When participants elect to defer amounts into the Deferred Compensation Plan, they must also select when the amounts ultimately will be distributed to them. Distributions may either be made in a specific year, whether or not employment has then ended, or after the executive's retirement or termination.

Participants who elect to have distributions made in a specific year must choose a payout date that is at least three years after the date of the first deferral election, and can elect to receive a single, lump-sum payment or up to five annual installments. Distributions begin as soon as practicable after February 28 of the elected calendar year.
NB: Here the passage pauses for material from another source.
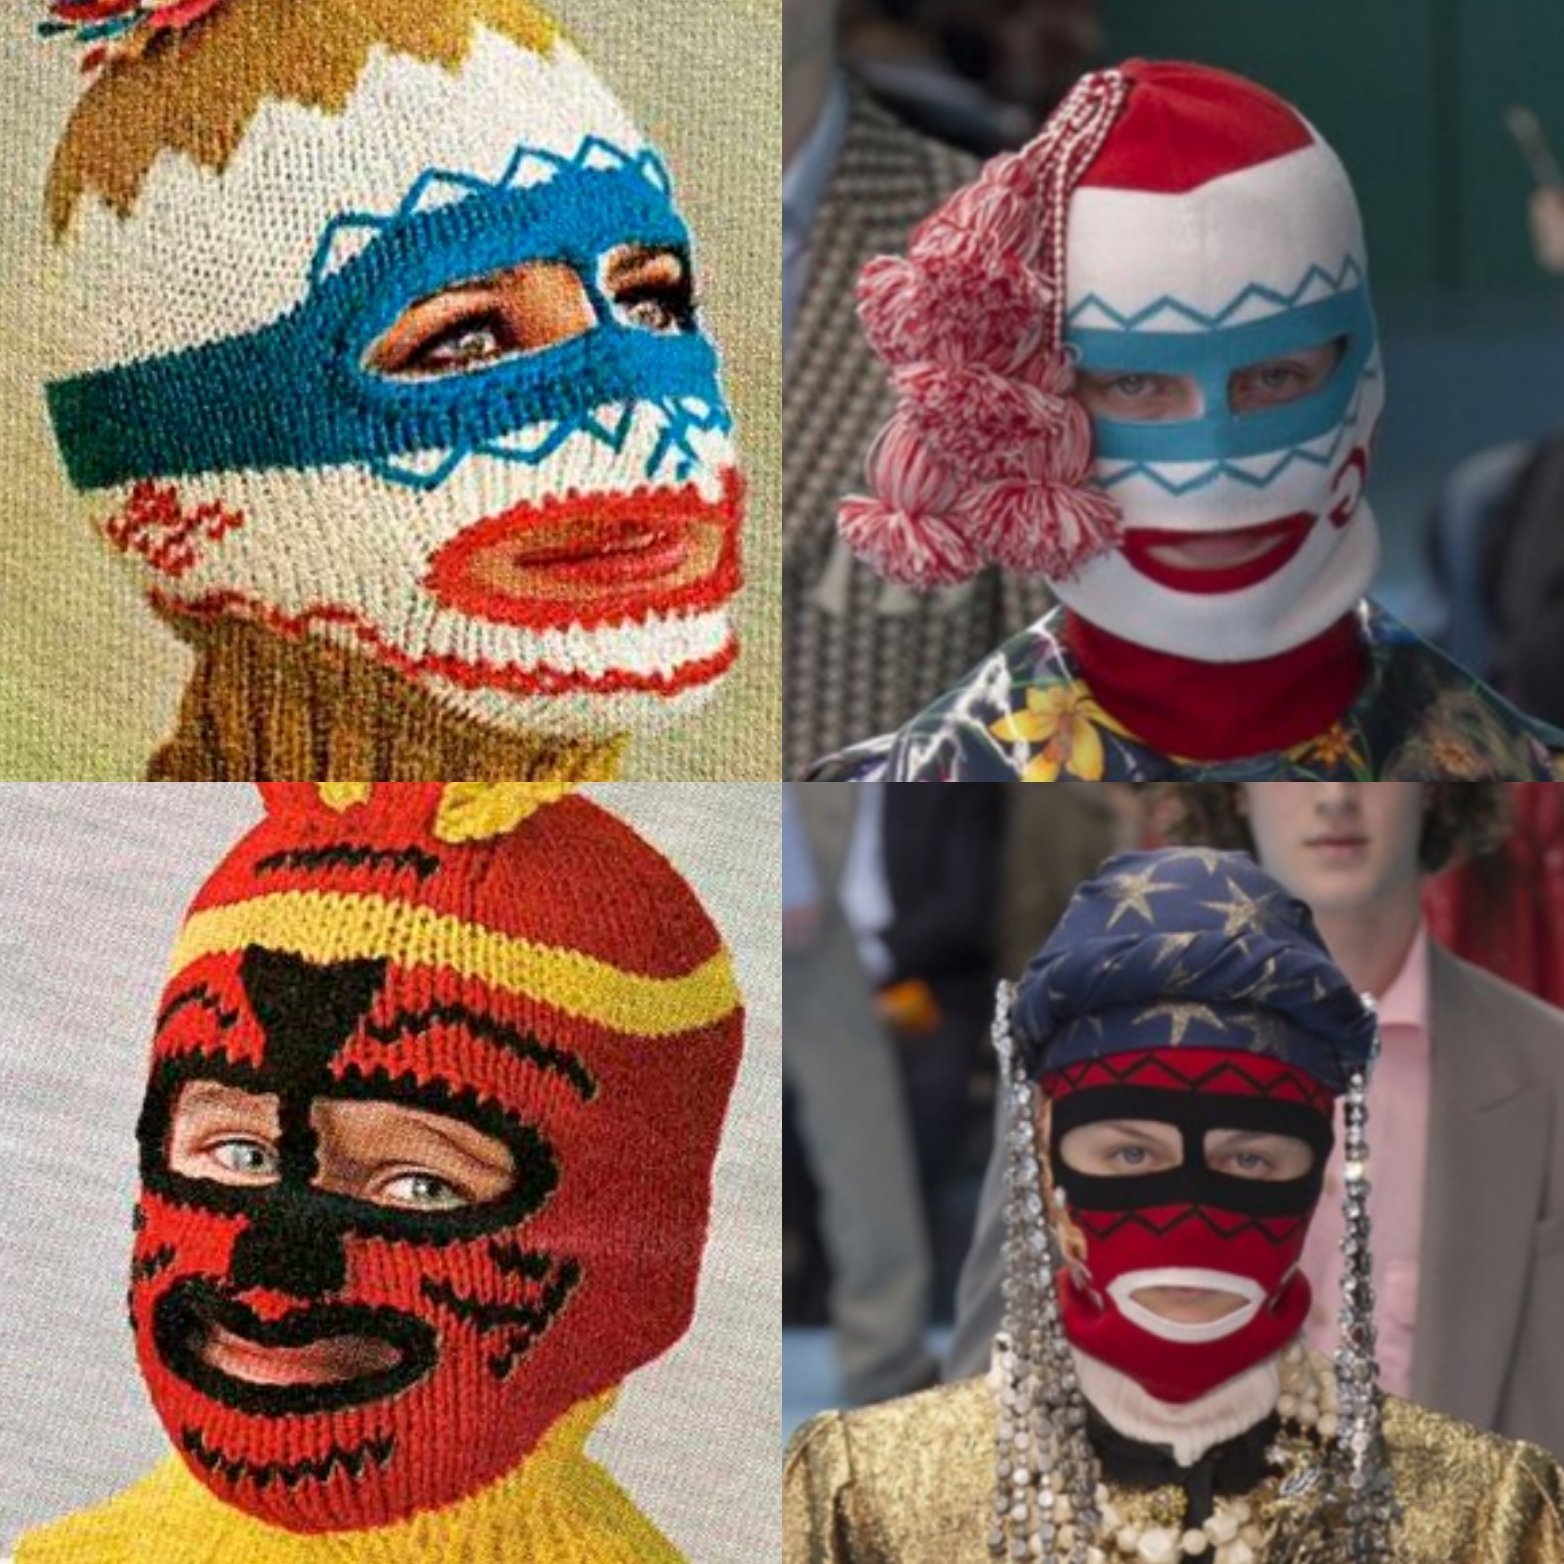 Outi (Les) Pyy Vastuullisuusvaikuttaja on X: When designers are too  literately inspired. On the left are ski mask knitting patterns from late  70s and on the right Gucci Fall 2018 balaclava masks.

Participants who elect to have distributions made at retirement or termination can elect to receive a single, lump-sum payment or up to ten annual installments. Payments commence as soon as practicable after February 28 of the year following termination of employment, unless they are considered a "key employee" under Section 409A of the Internal Revenue Code, in which case payment is delayed at least six months after date of termination.


Aon Supplemental Savings Plan ("Supplemental Savings Plan")


The named executive officers may, similar to all U.S. employees hired in 2004 or later, participate at their election in the Aon Savings Plan, a defined contribution 401(k) plan (the "Aon Savings Plan"). The Aon Supplemental Savings Plan was created to provide matching and other company allocations similar to those that participants in the Aon Savings Plan would have received had the Internal Revenue Code limits not restricted contributions under the Aon Savings Plan. Participants eligible for Aon Savings Plan matching contributions who are active at the end of the plan year and who attain the IRS 401(k) contribution limit and compensation limit (or participate in the Deferred Compensation Plan) receive supplemental allocations to the Supplemental Savings Plan based on their years of service and their match eligible compensation in excess of the IRS limit or Deferred Compensation Plan deferrals (to a combined plan limit of $500,000). Distributions from the Supplemental Savings Plan must begin at the earlier of retirement or age 65.

Each of the named executive officers participated in the Supplemental Savings Plan in 2014. If the named executive officer contributes the maximum permissible amount to the Aon Savings Plan, the Supplemental Savings Plan provides for a company allocation as a percentage of compensation in excess of the IRS limit ($260,000 in 2014), with such compensation capped at $500,000. The percentage allocation varies by length of service but in the first four years of employment the allocation percentage is 3% and increases to 6% after 15 years of service. Aon made the following allocations for 2014 to the respective accounts of each of Mr. Case, Ms. Davies, Mr. McGill, Ms. Savacool and Mr. Lieb: a matching contribution to each named executive officer's account under the Aon Savings Plan of $15,600, and an allocation to the Aon Supplemental Savings Plan account of $9,600.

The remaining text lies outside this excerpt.